Dominion Energy says renewables alone won’t meet a projected increase in demand for electricity in the coming decades.
In a filing this week, the utility said it will continue building new fossil fuel and nuclear generation to supply electricity to its Virginia customers over the next 15 years, closely aligning itself with Republican Gov. Glenn Youngkin’s energy policy.
“The priorities of the Company have not changed — to provide reliable, affordable, and increasingly clean power to its customers,” the utility wrote in its 2023 Integrated Resource Plan.
The plan is a nonbinding 15- to 25-year roadmap required by state law every three years and based on forecasts from regional grid operator PJM Interconnection. “However, this year the long-term projected amount of power needed in the [Dominion] Zone materially increased.”

Basically, this means that Dominion will likely keep most of its existing power stations online while seeking to build additional small natural gas plants and modular nuclear reactors in the next few decades.
“This ‘all of the above’ approach ensures we can reliably serve our customers ‘around-the-clock’, especially on the hottest and coldest days of the year,” Ed Baine, the utility’s president, said in a news release, according to the Associated Press.
“Our plan balances the benefits of renewables with the reliability of ‘on-demand’ power so we can meet the growing needs of our customers.”
The Virginia Mercury writes that Dominion says the steep rises in demand are linked to accelerating data center growth and, “to a lesser extent,” electrification, including the transition to electric vehicles. The findings are in line with 2021 predictions from the University of Virginia’s Energy Transition Initiative.

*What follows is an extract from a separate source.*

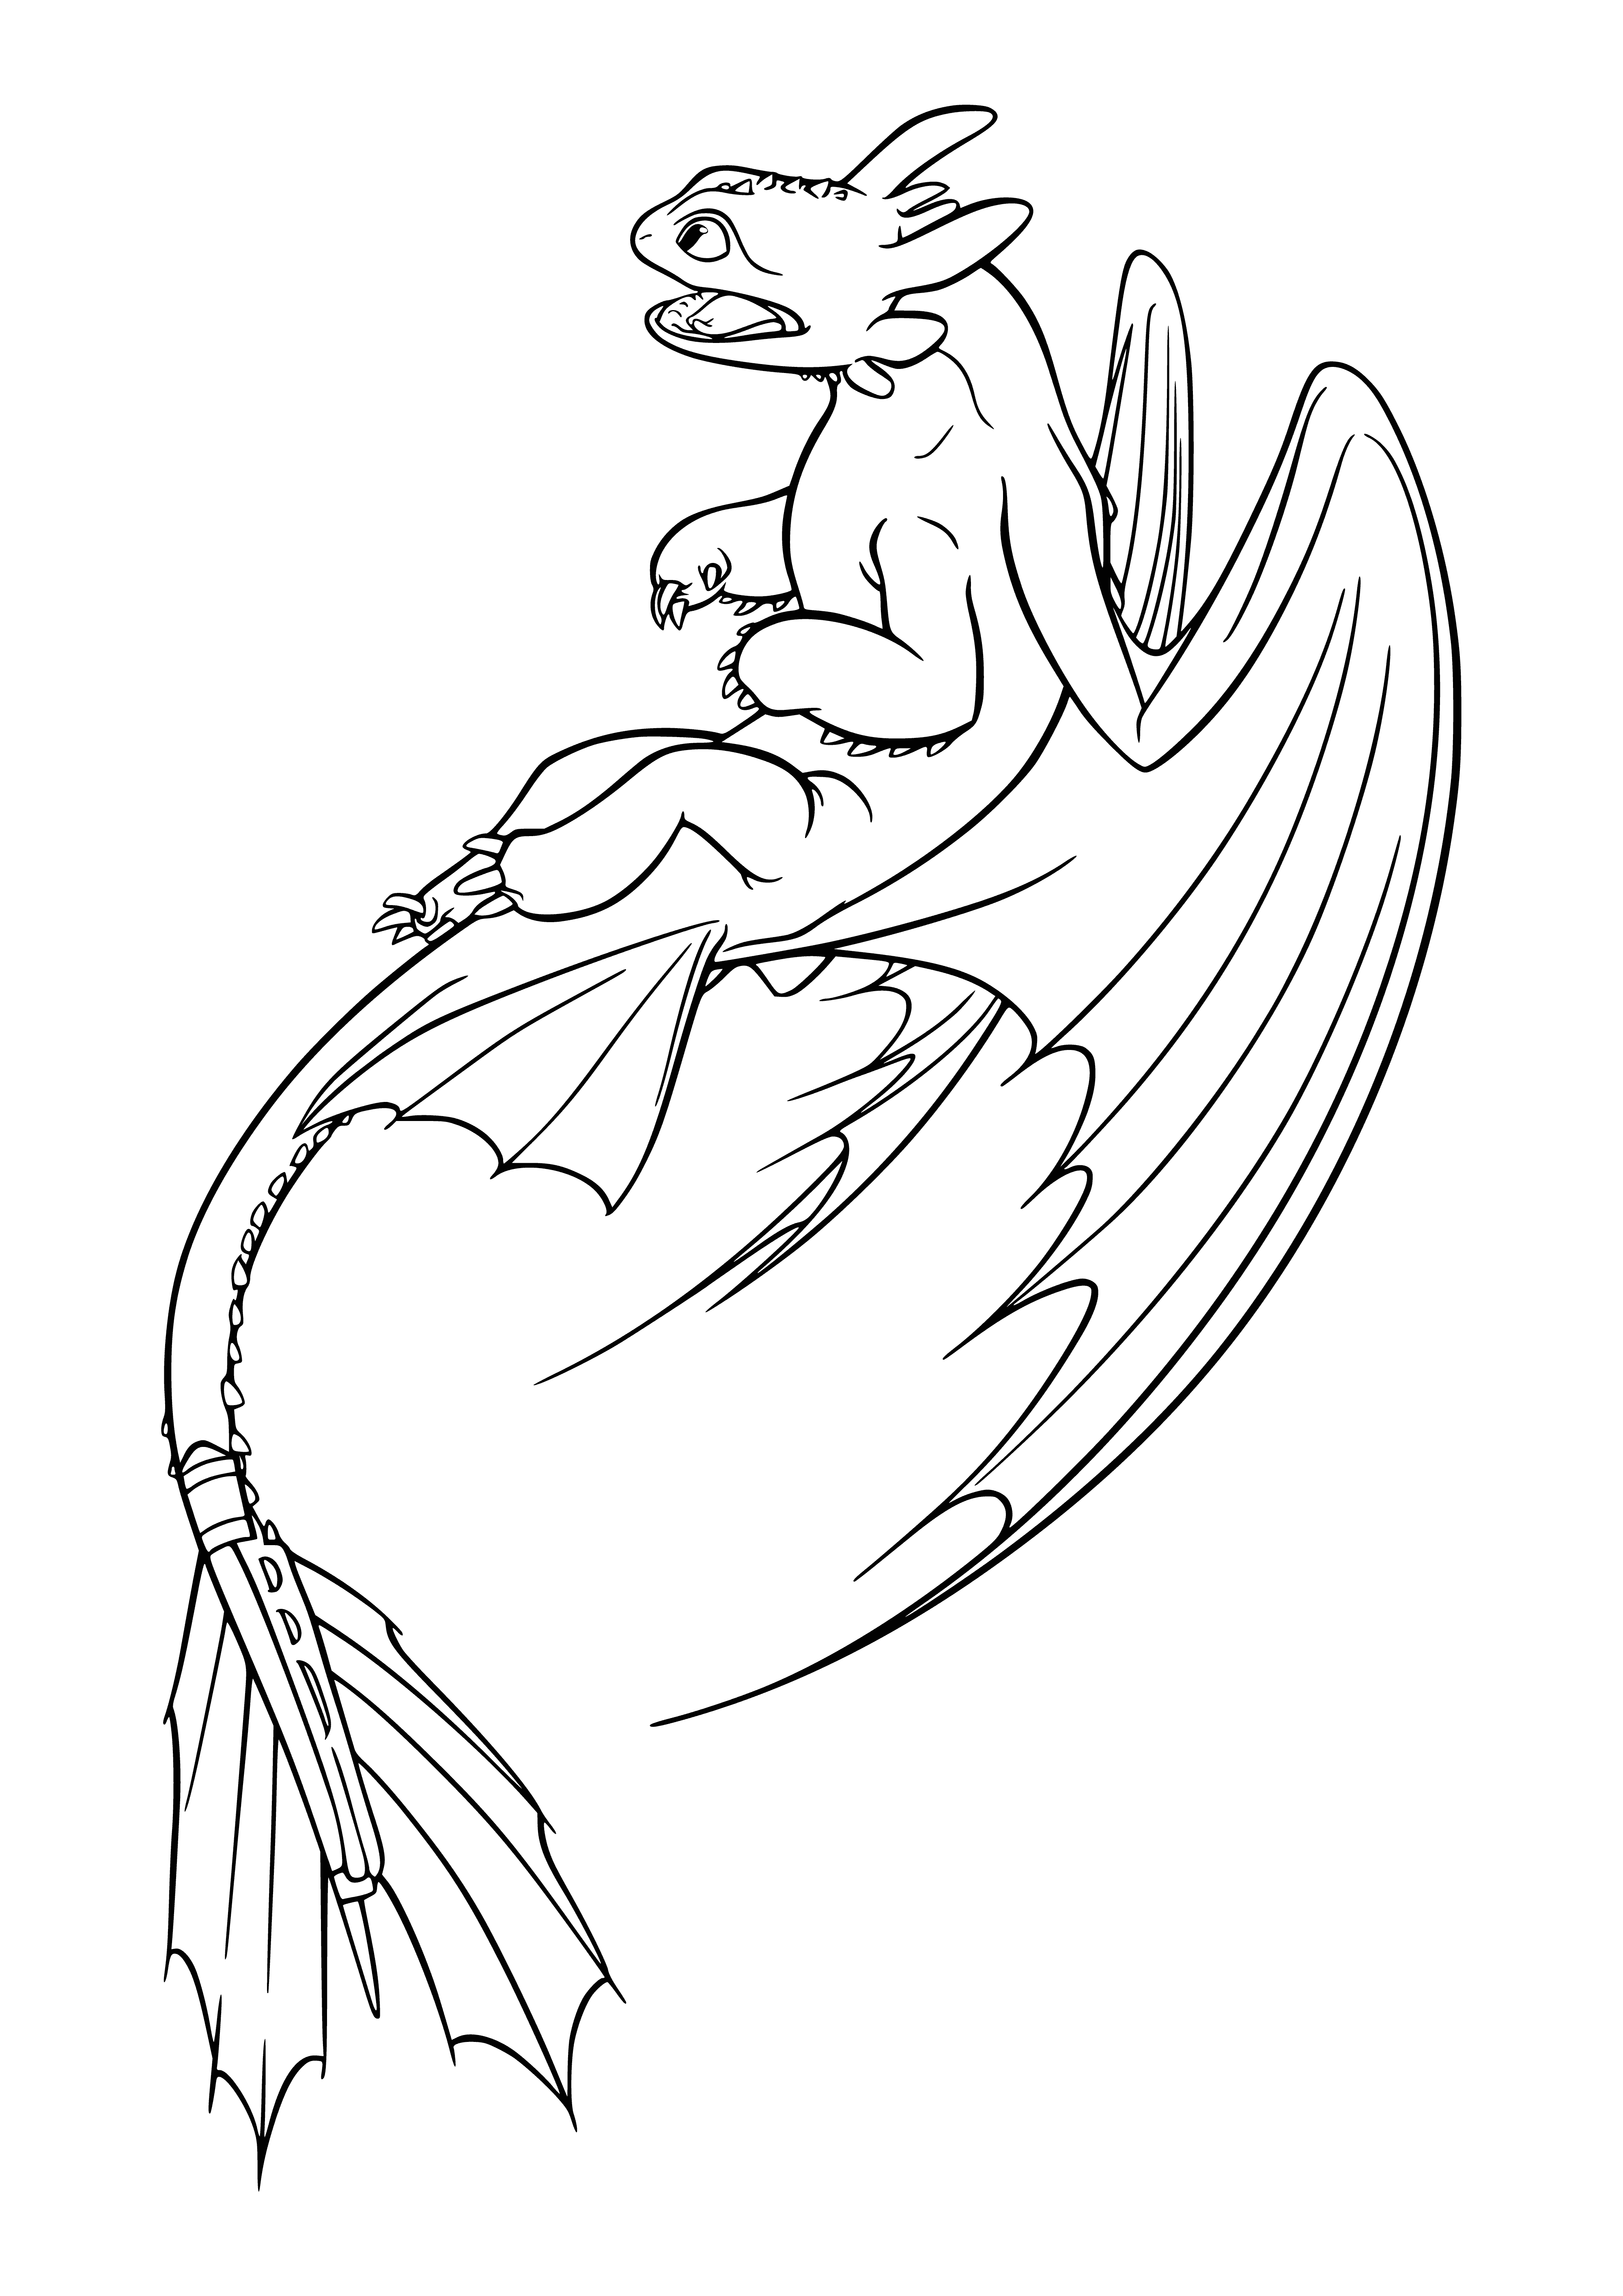 Dragon Bezzubik coloring page

In Dominion’s Integrated Resource Plan (IRP), filed with the State Corporation Commission, the utility laid out five possible scenarios for meeting its customers’ needs. All call for new solar, wind, and energy storage development.

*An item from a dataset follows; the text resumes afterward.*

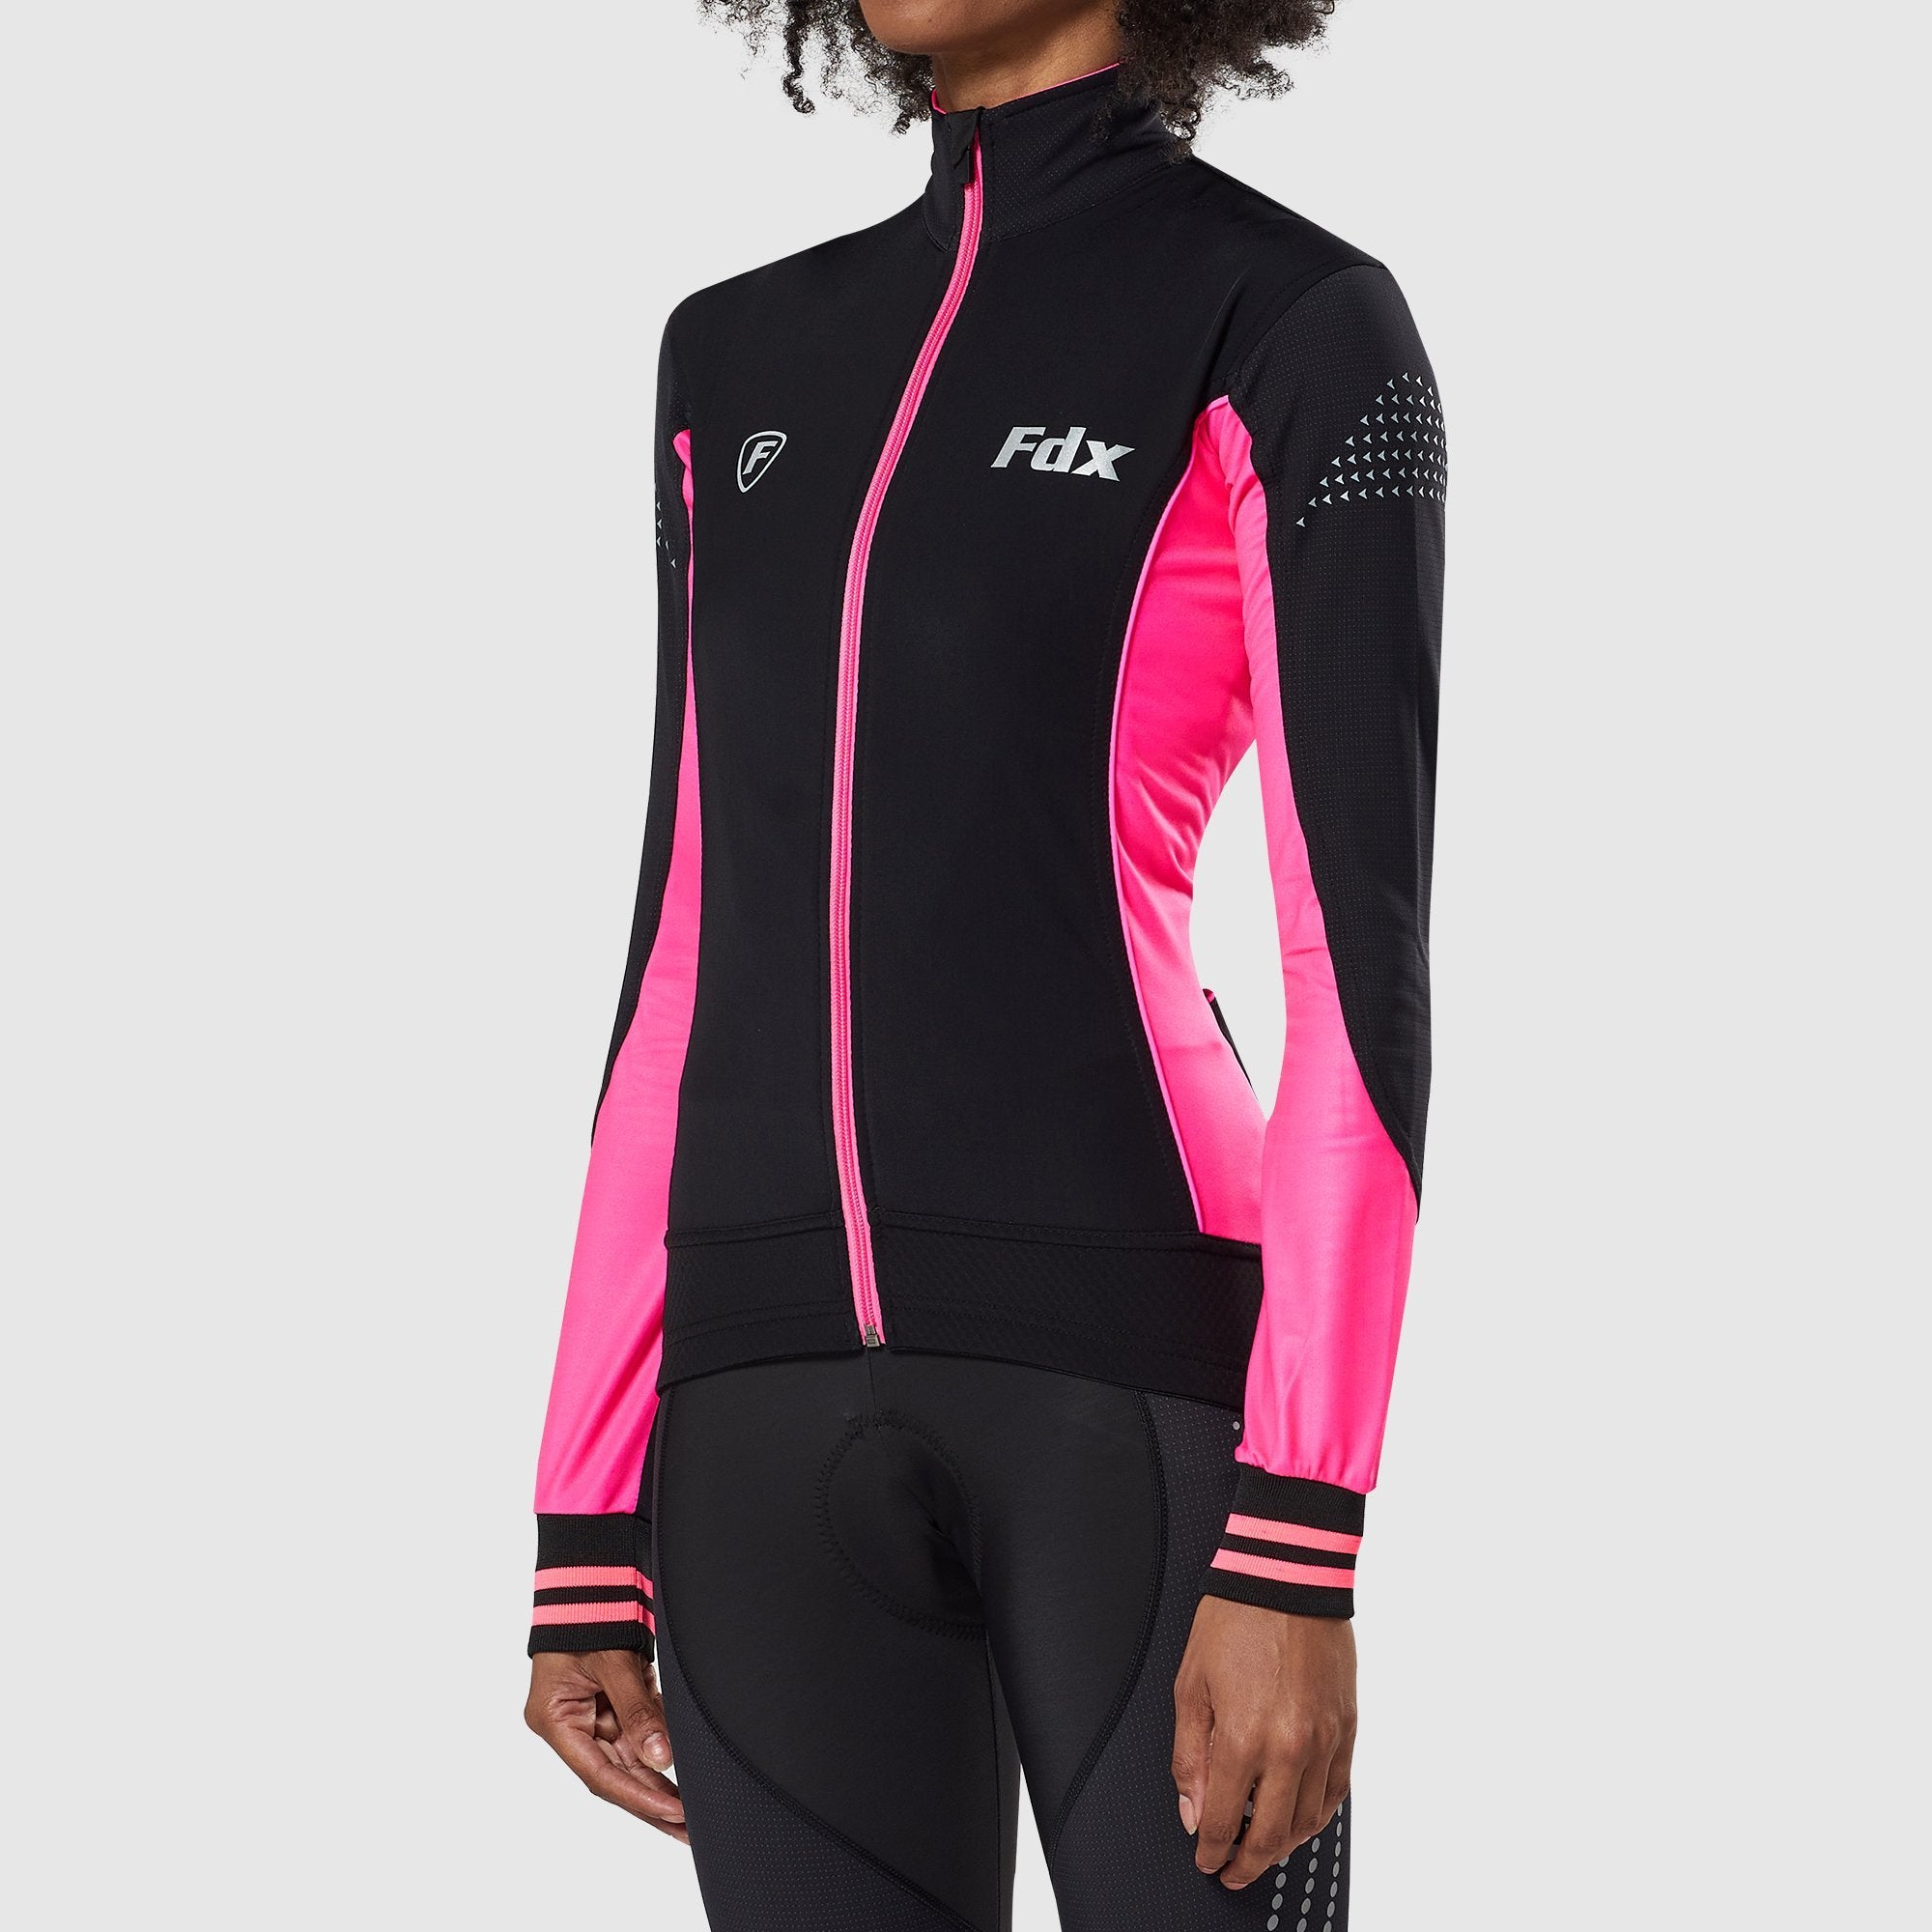 Fdx Best Women's Black & Pink Long Sleeve Cycling Jersey for Winter Roubaix Thermal Fleece Shirt Road Bike Wear Top Full Zipper, Lightweight  Pockets & Hi viz Reflectors - Thermodream

All but one, a least-cost plan the company was required to model but said it doesn’t consider a true “path forward,” includes the development of small modular nuclear reactors.

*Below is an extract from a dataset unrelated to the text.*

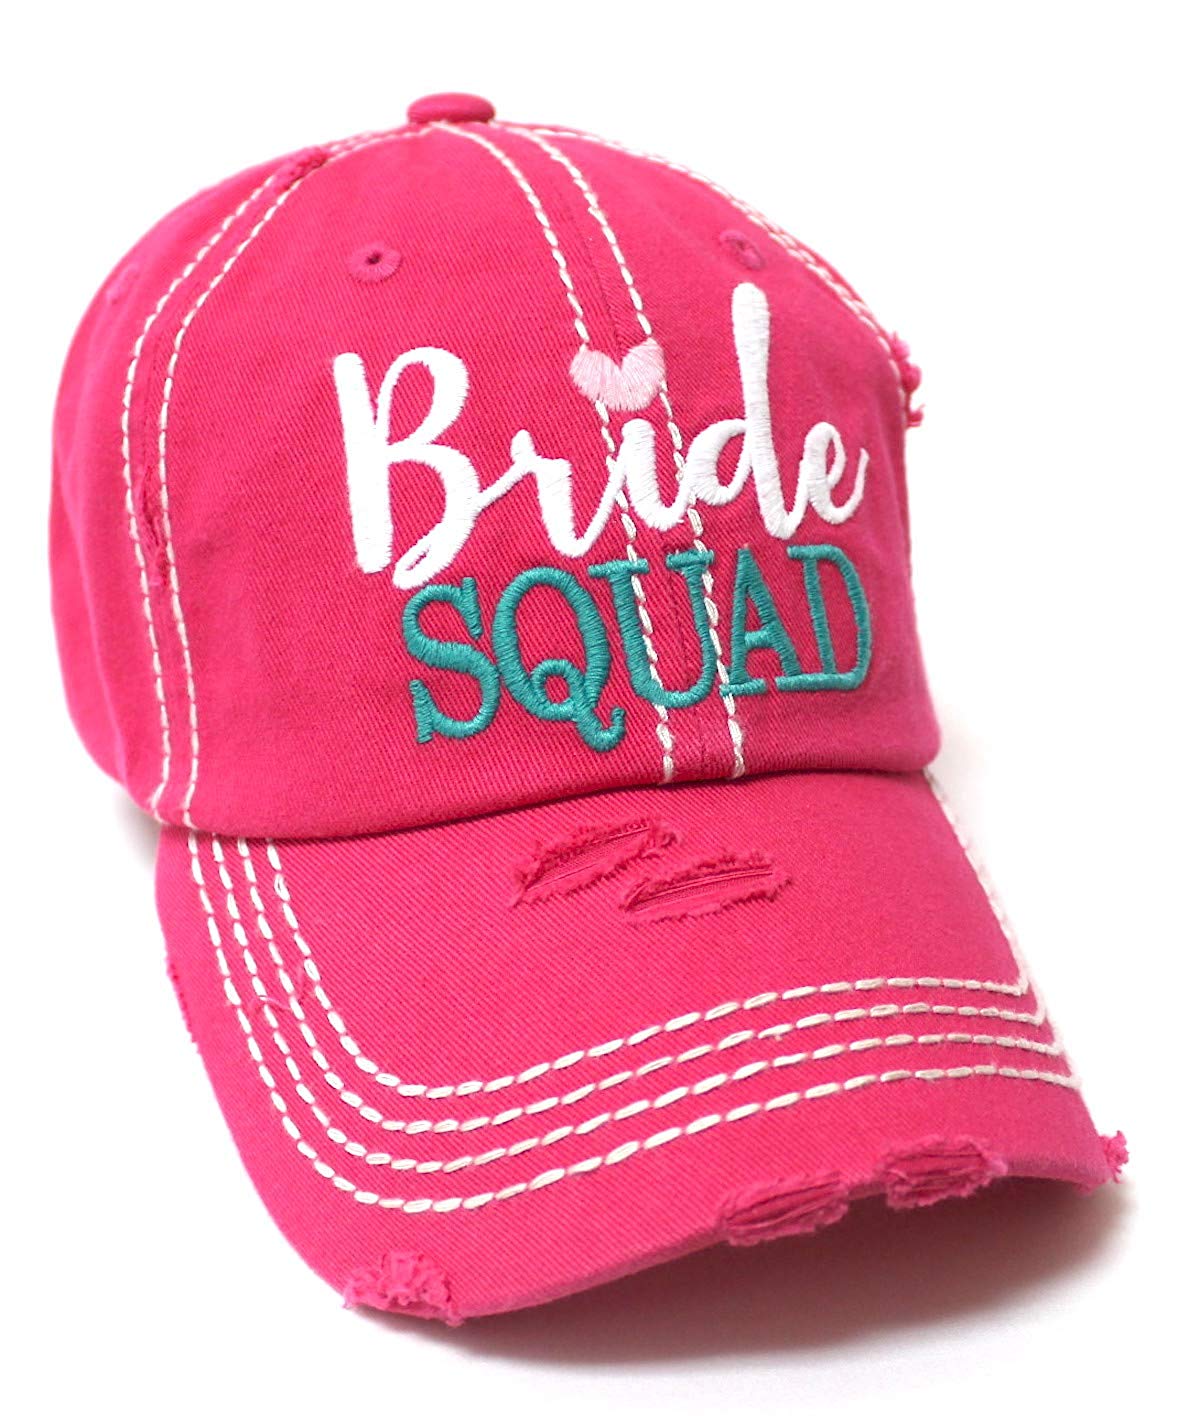 CAPS 'N VINTAGE Bridal Accessory Gift, Bride Squad Monogram One-Size Ballcap, Pink - Caps 'N Vintage

Dominion Energy Virginia, which serves about 2.7 million customers in Virginia and a small portion of North Carolina, also faces a deadline to meet the standards of the 2020 Virginia Clean Economy Act, which requires Dominion to generate 100 percent of its electricity from carbon-free sources by the end of 2045.
Governor Youngkin was delighted with Dominion’s plan, saying “I applaud Dominion Energy for taking a serious look at the anticipated demand and providing commonsense pathways to proactively delay the retirement of critical baseload capacity in this IRP.”
However, Democratic lawmakers and environmental groups were not pleased with Dominion’s plan, arguing it was a diversion from proven, less costly renewable energy technologies such as solar, wind, and battery storage.
The harshest negative response came from Nate Benforado, an attorney with the Southern Environmental Law Center. “This appears to be more of a political document. It’s not a plan that takes renewable energy, including the Clean Economy Act requirements, and climate change seriously.”
He added that the IRP is nothing more than Dominion’s “attempt to get back into Youngkin’s good graces” following two months of debate over utility profits and the state’s regulatory system during the 2023 legislative session.